We know that in the immune system, the production of memory T cells is an important link in the body's anti-tumor and anti-pathogen invasion, and its lifespan is closely related
to the health of the human body.
But little is known about how memory T cells maintain their lifespan
.

Recently, a research team led by Professor Alessio Lanna of University College London published interesting research results on the mechanism of memory T cell life extension in the top international journal Nature Cell Biology [4].
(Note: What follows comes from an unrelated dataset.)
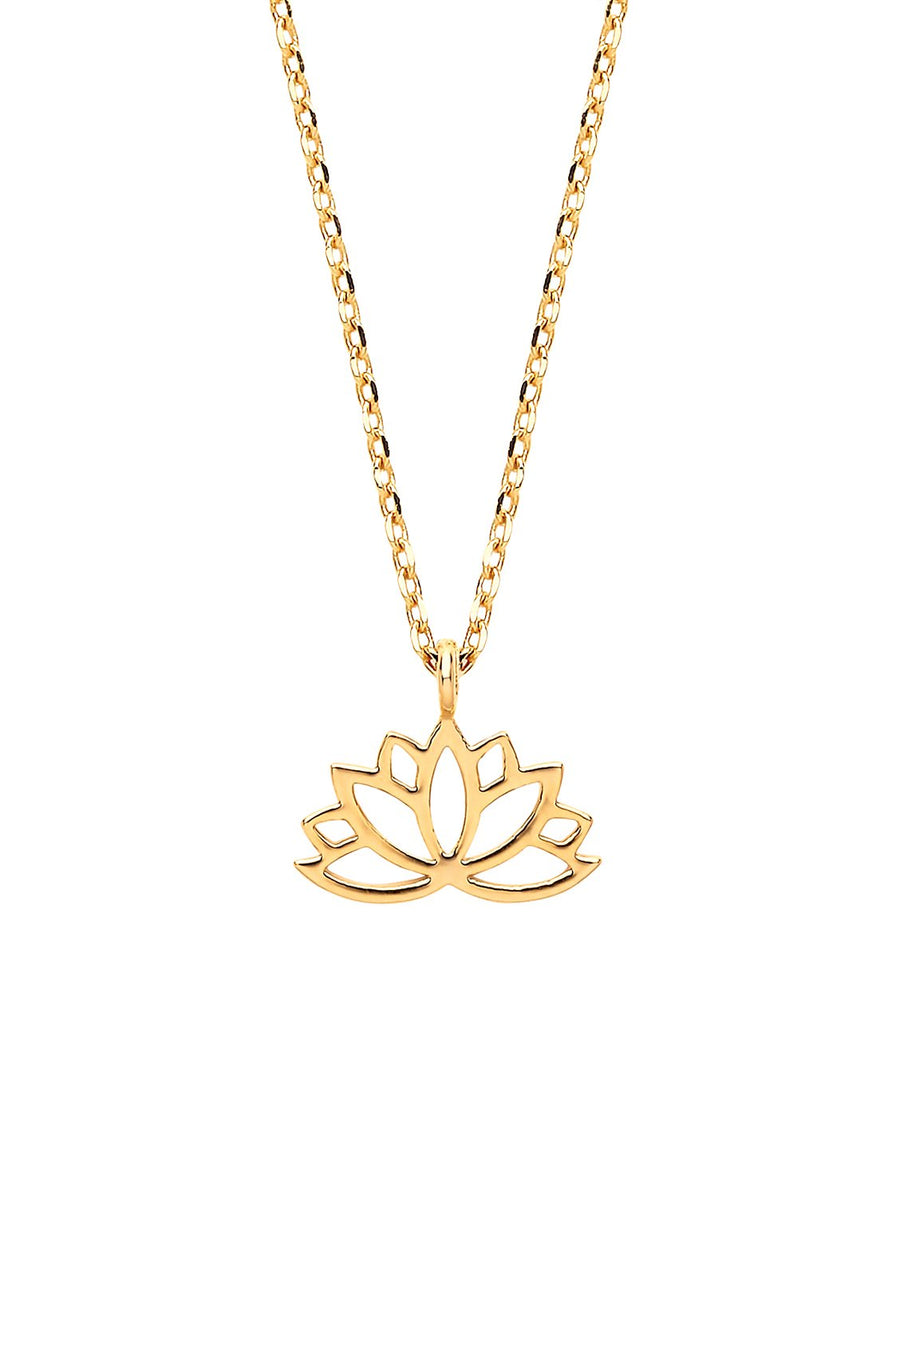 Lotus Flower Cut Out Necklace - Gold Plated

They found that during antigen presentation, antigen-presenting cells (APCs) actively "donate" their telomeres to T cells through vesicles to help T cells extend their lifespan [4].

Their research discovered the phenomenon of telomere transfer between cells for the first time, revealed a pathway to lengthen telomeres in a "passive" way, opened a new chapter in the field of cellular aging and anti-aging, and provided new research ideas
for the treatment of aging-related diseases.

Immune synapses are special structures formed by MHC molecular-antigen complexes and T cell receptors (TCRs) when APCs present antigens to T cells [5].

Studies have shown that the stimulation of immune synapses activates T cells and expands them, but also activates the T cells' own telomerase, allowing them to actively prolong the "life progress bar" [6].

However, this is not enough for T cells to successfully resist aging and form long-term immunity in large-scale clonal expansion [7].

And studies have proved that repeated antigen stimulation can rapidly reduce the activity of T cell telomerase [8].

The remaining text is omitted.